Your JSON.parse() call explodes because it’s not pure JSON. There’s Markdown syntax around it. Now you need to write code to strip those fences before parsing.

Failure mode 2: Conversational preambles

The model adds a friendly introduction:

Sure! Based on my analysis of the customer email, here's the structured classification:

{
  "category": "billing",
  "priority": "high",
  "summary": "Customer charged twice for monthly subscription",
  "requires_human_review": true
}

Again, not valid JSON. Your parser chokes on “Sure! Based on my analysis…”.

Failure mode 3: Schema drift

The model mostly follows your schema but makes “creative” decisions:

Uses "Priority": "High" instead of "priority": "high"(casing mismatch).
Invents an extra field like "confidence": 0.95 that you didn’t ask for.
Omits requires_human_review because the model decided it wasn’t applicable.
Returns "priority": "medium-high" instead of one of your expected values.

Your code expects a specific shape, and any deviation can cause subtle bugs or outright crashes.

Failure mode 4: Invalid JSON syntax

Sometimes the model produces something that looks like JSON but isn’t technically valid:

{
  "category": "billing",
  "summary": "Customer says "I was charged twice"",
  "priority": "high",
}

Spot the problems? The double quotes inside the summary value aren’t escaped, and there’s a trailing comma after the last property. Both are invalid JSON, and both are mistakes LLMs make because they generate text token by token without a concept of “valid syntax.”

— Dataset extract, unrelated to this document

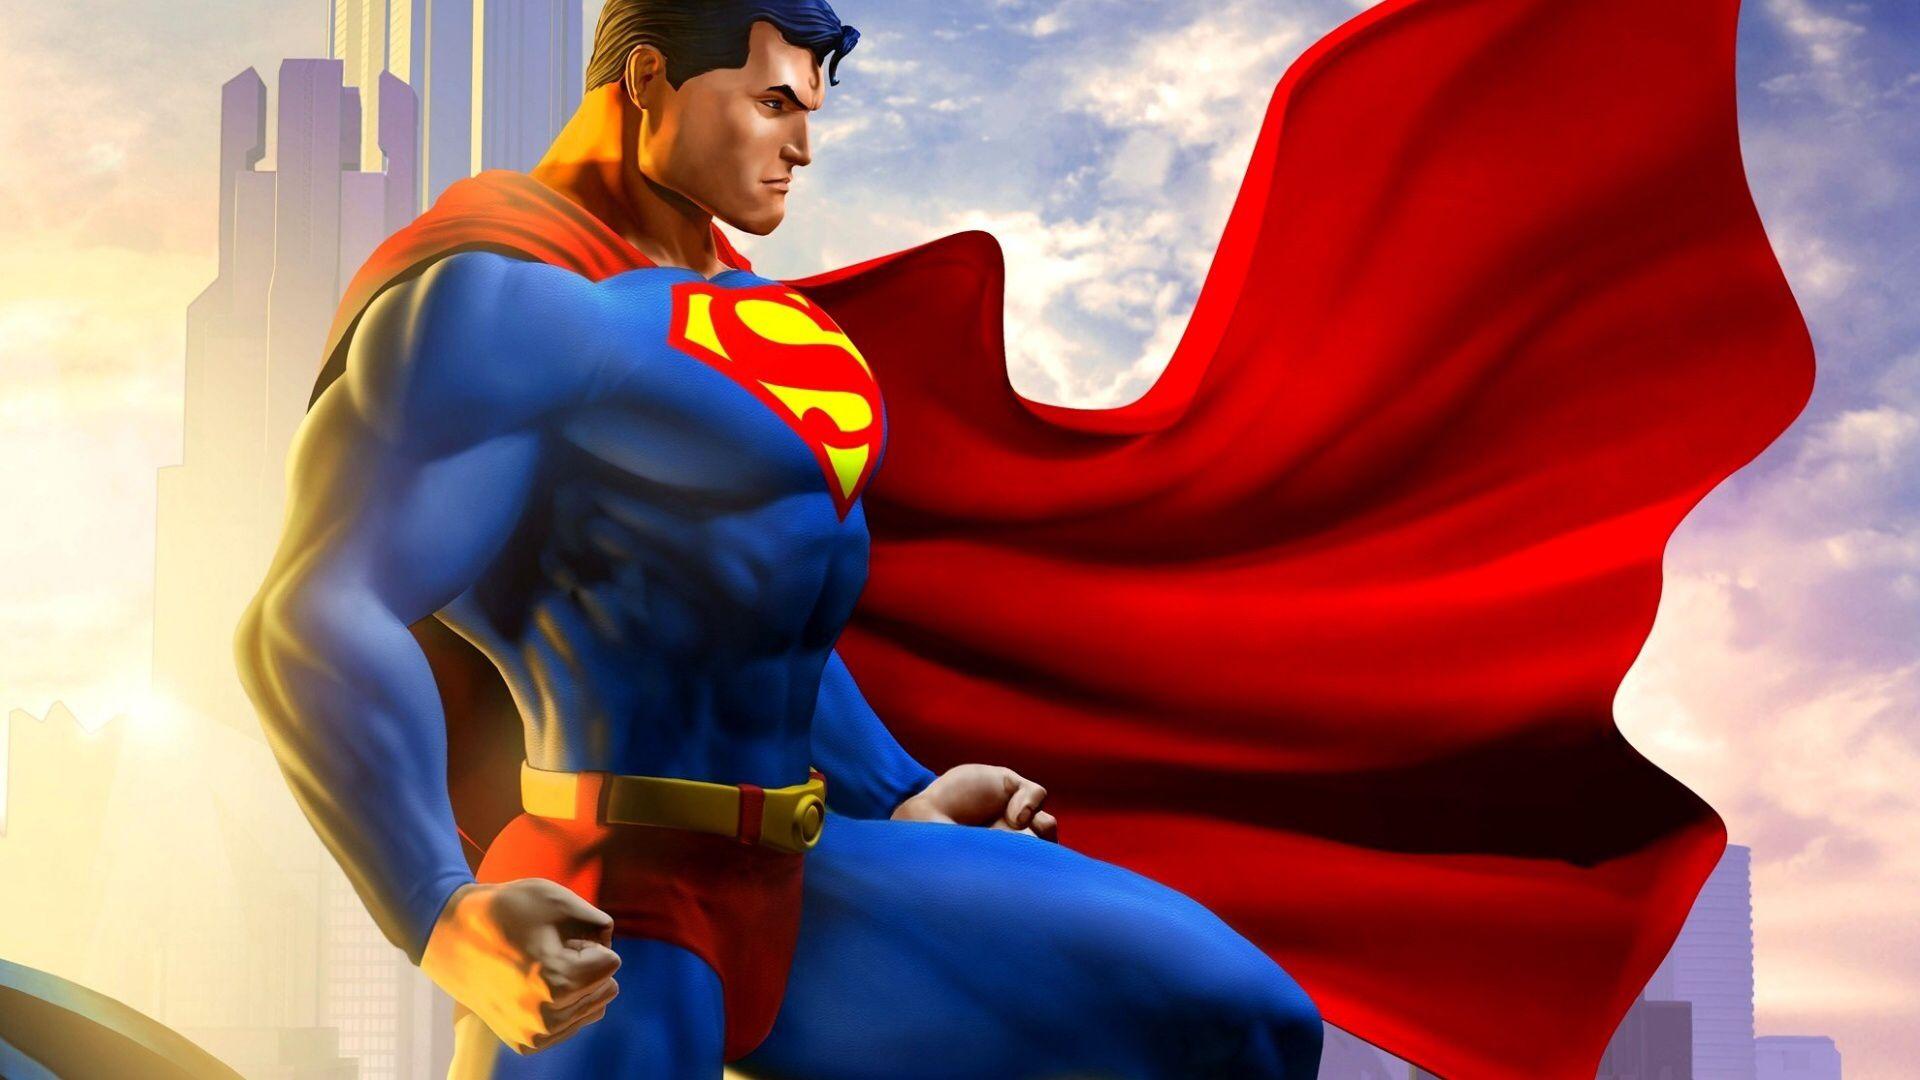 Billede fra http://static.comicvine.com/uploads/original/13/138572/2824589-13260-gamesrocks-superman.jpg.

Failure mode 5: Multiple JSON blocks

Sometimes the model “second-guesses” itself and produces two (or more) JSON objects in a single response:

Here's my initial classification:

{
  "category": "billing",
  "priority": "medium",
  "summary": "Duplicate charge on subscription"
}

Actually, given the urgency of the customer's language, let me revise:

{
  "category": "billing",
  "priority": "high",
  "summary": "Customer charged twice for monthly subscription",
  "requires_human_review": true
}

Now your bracket-matching logic finds the first { and its matching }, but that’s the wrong JSON block. The “refined” version at the bottom is the one the model intended as the final answer. Which one do you trust? Do you always take the last one? What if there are three? This kind of ambiguity is a nightmare for production parsers.

The workaround circus

When you encounter these issues, the natural response is to build workarounds. And teams do. We’ve seen (and built) all of them:

Regex-based fence stripping: write regular expressions to detect and remove Markdown code fences. But what if the model uses a different fence style? Or nests them?
Bracket matching: scan the response for the first { and try to find its matching }. This gets complicated fast if there are nested objects, and it falls apart if the model produces two JSON blocks (for example, giving a first attempt and then a “refined” version).
Retry logic: if parsing fails, send the request again and hope the model cooperates this time. This adds latency, cost, and unpredictability.
Prompt hardening: add more and more instructions to your prompt: “Return ONLY valid JSON. Do NOT include any other text. Do NOT use Markdown formatting.” This helps, but it’s a probabilistic improvement, not a guarantee.
Validation layers: even if parsing succeeds, add schema validation to check field types, required properties, and enum values. Then add fallback logic for when validation fails.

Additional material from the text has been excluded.